À gauche, la campagne présidentielle, après avoir débuté en décembre-janvier comme un vaudeville, avec le retrait de la candidature d’Arnaud Montebourg, la volte-face d’Anne Hidalgo vis-à-vis de sa participation à la primaire populaire et la candidature surprise de Christiane Taubira, a viré au psychodrame depuis le début de la guerre en Ukraine. Les positions très conciliantes vis-à-vis de la Russie de Jean-Luc Mélenchon, qui se sont traduites par un refus de soutenir la résistance ukrainienne et de faire amende honorable, ont fourni à Yannick Jadot et Anne Hidalgo l’occasion de marquer clairement leurs différences. Face au « non-alignement » du candidat de « l’union populaire », qui se traduit par son engagement à quitter l’OTAN par étapes, sa condamnation de tout réarmement de l’Allemagne et sa volonté d’ « en finir avec le mythe de la défense européenne », Yannick Jadot a pu justifier son attachement à « une Europe de la défense renforcée et un partenariat transatlantique plus équilibré » et Anne Hidalgo illustrer pourquoi « l’Europe est aujourd’hui clairement l’instrument de notre souveraineté » en recourant à quelques formules choc.

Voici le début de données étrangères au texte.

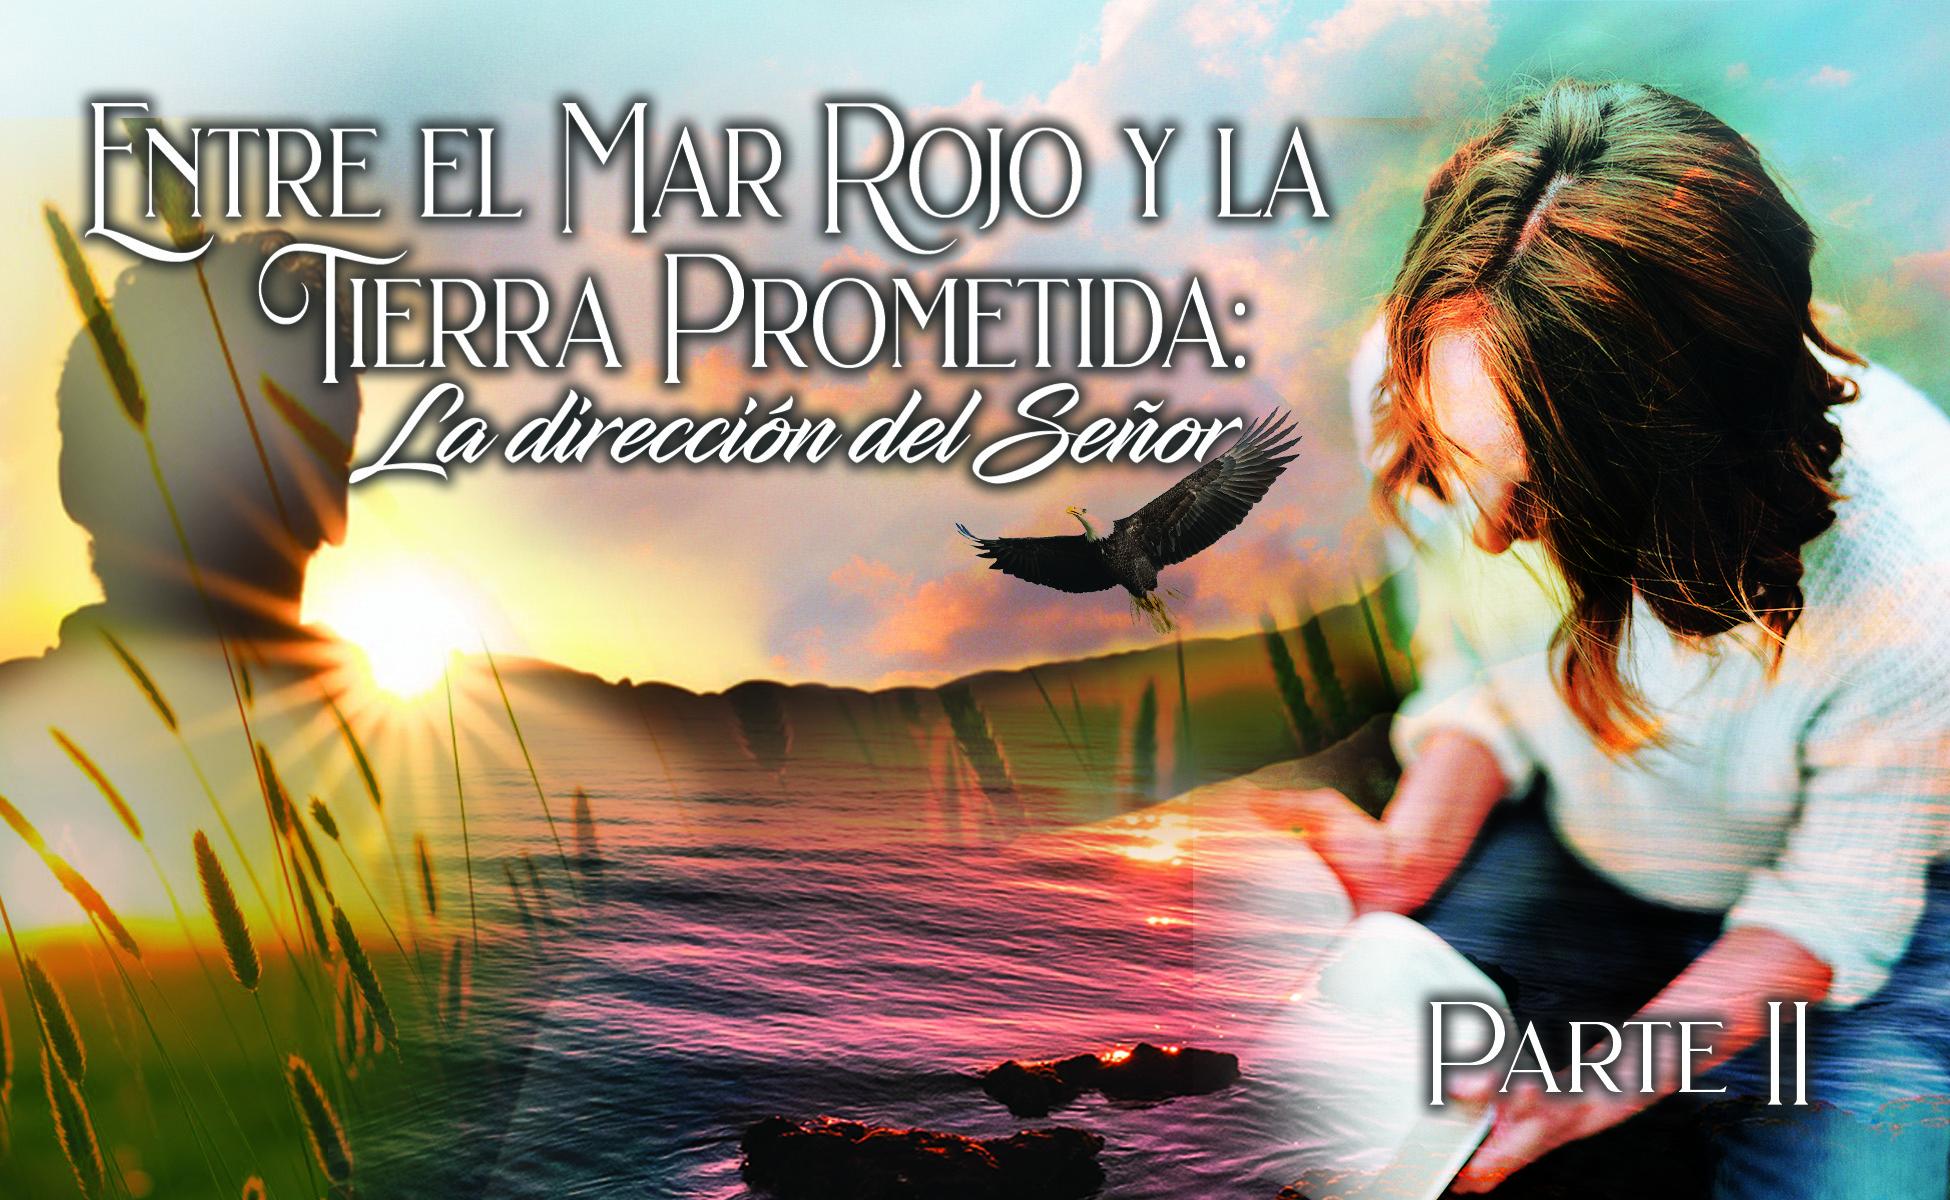 """748 • Entre el Mar Rojo y la Tierra Prometida: """"La dirección del señor"""" - Parte II • El Heraldo Digital del 14 de junio del 2020 • Volumen XV • 748"""

Pour sa part, le candidat du PCF, tout comme le leader de la France insoumise, a condamné l’invasion russe et l’irresponsabilité de Poutine, qualifié de « va-t-en-guerre, qui distille depuis des années le poison du nationalisme », tout en lui trouvant des excuses et en rejetant toute aide militaire à l’Ukraine. Dans le communiqué publié le jour de l’invasion russe, le PCF a insisté sur « la responsabilité collective » de tous ceux, « à commencer par l'OTAN, qui ont nourri le feu de la confrontation, refusé de laisser l'Ukraine à l'écart d'une entrée discutable dans l'Alliance et distillé à leur tour le poison de l'ultranationalisme, des haines et désirs de vengeance »…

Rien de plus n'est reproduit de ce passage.